Le plus important amendement qu’a subi l’ancienne mouture consiste en la reconnaissance de la nationalité algérienne d’origine par filiation maternelle. Ainsi, des enfants nés de mère algérienne accèdent désormais à la nationalité algérienne même si le père est étranger. La même disposition profite aux enfants nés à l’étranger de mère algérienne et de père étranger et qui peuvent, eux aussi, acquérir la nationalité algérienne. Toujours dans le souci de consacrer l’égalité entre l’homme et la femme, l’avant-projet de l’ordonnance prévoit l’octroi de la nationalité algérienne par le mariage avec un Algérien ou une Algérienne. Un autre amendement, et non des moindres, porte sur la suppression de la condition de répudiation de la nationalité d’origine pour acquérir la nationalité algérienne. Dans les faits donc, le mariage de la nationalité algérienne avec une nationalité étrangère sera toléré. Dans le même texte, il est prévu l’alignement de la majorité civile sur celle fixée par le code civil qui est de 19 ans. Dans le communiqué sanctionnant ce Conseil des ministres, il est signalé que l’avant-projet d’ordonnance portant code de la nationalité algérienne s’assigne comme objectif essentiel la mise à niveau de la législation sur la nationalité par rapport aux conventions et traités que l’Algérie a ratifiés en matière de droits de l’homme. Le président Bouteflika et son staff exécutif ont exprimé également leur attention pour, d’une part, protéger les enfants en matière de nationalité et, d’autre part, pour assouplir les conditions d’accès à la nationalité algérienne et les moyens de preuve.
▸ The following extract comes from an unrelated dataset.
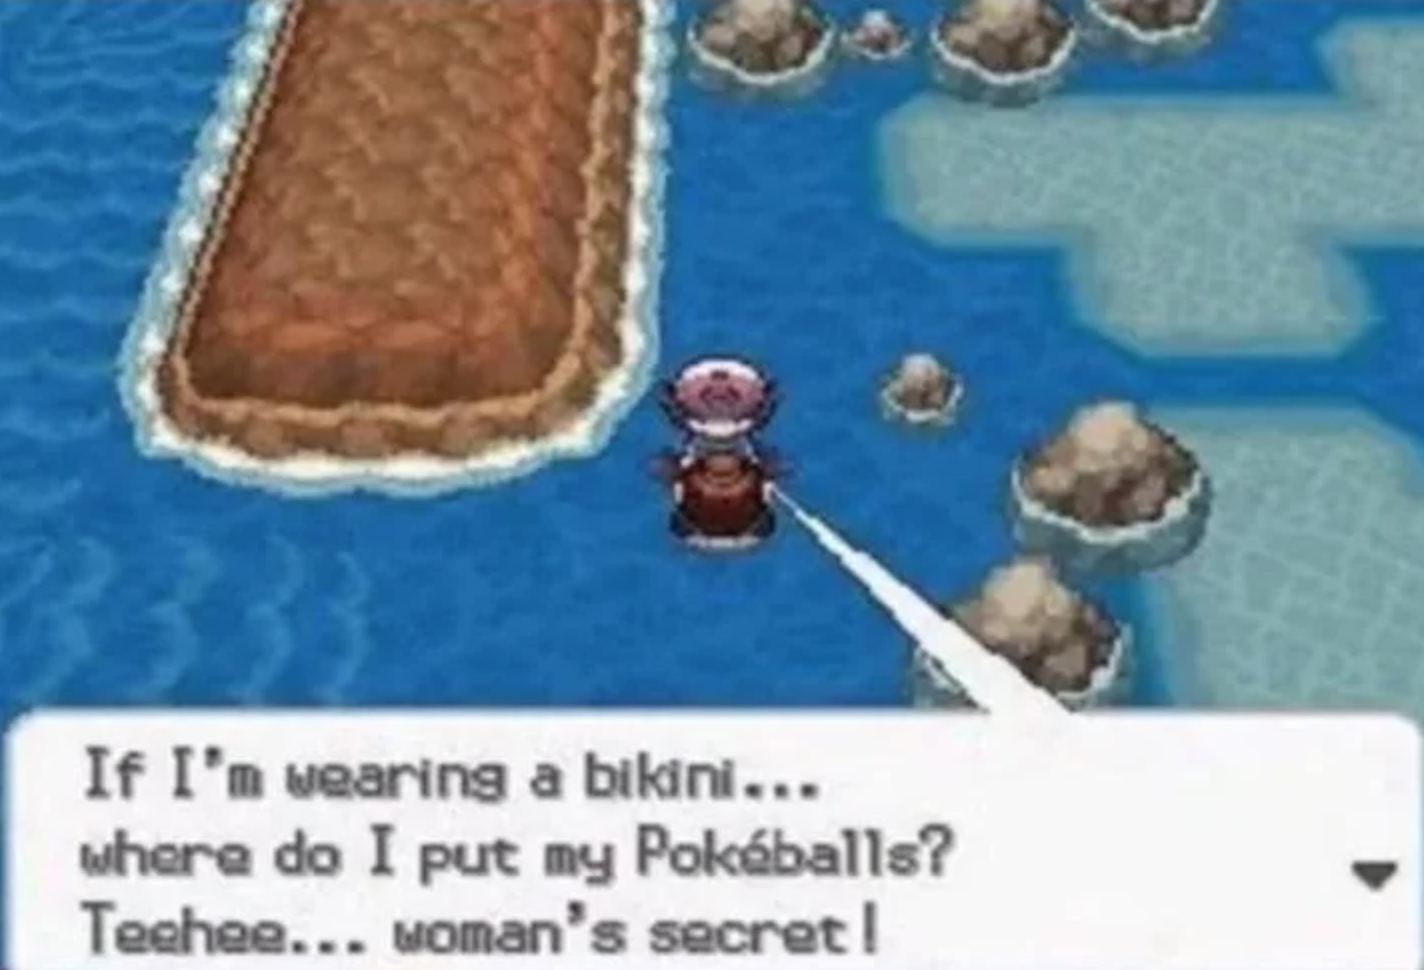 funny gaming memes  - - if i m wearing a bikini pokeball - If I'm wearing a bikini... where do I put my Pokballs? Teehee... woman's secret!

Au terme de l’approbation de cet avant-projet d’ordonnance, le président de la République, repris par l’agence officielle APS, a fait remarquer que ce dispositif s’inscrit dans le cadre des mesures qui participent au renforcement et à la modernisation de l’instrumentation juridique à travers son harmonisation avec les conventions et traités internationaux auxquels l’Algérie a souscrit et son adaptation aux mutations politiques et sociales qu’a connues le pays. A ce sujet, l’Algérie, convient-il de rappeler, a fait montre, depuis 1999, devant la Convention relative à l’élimination de toutes les formes de discrimination à l’égard des femmes, de sa disponibilité à procéder à la révision « progressive » de ces codes de nationalité et de la famille.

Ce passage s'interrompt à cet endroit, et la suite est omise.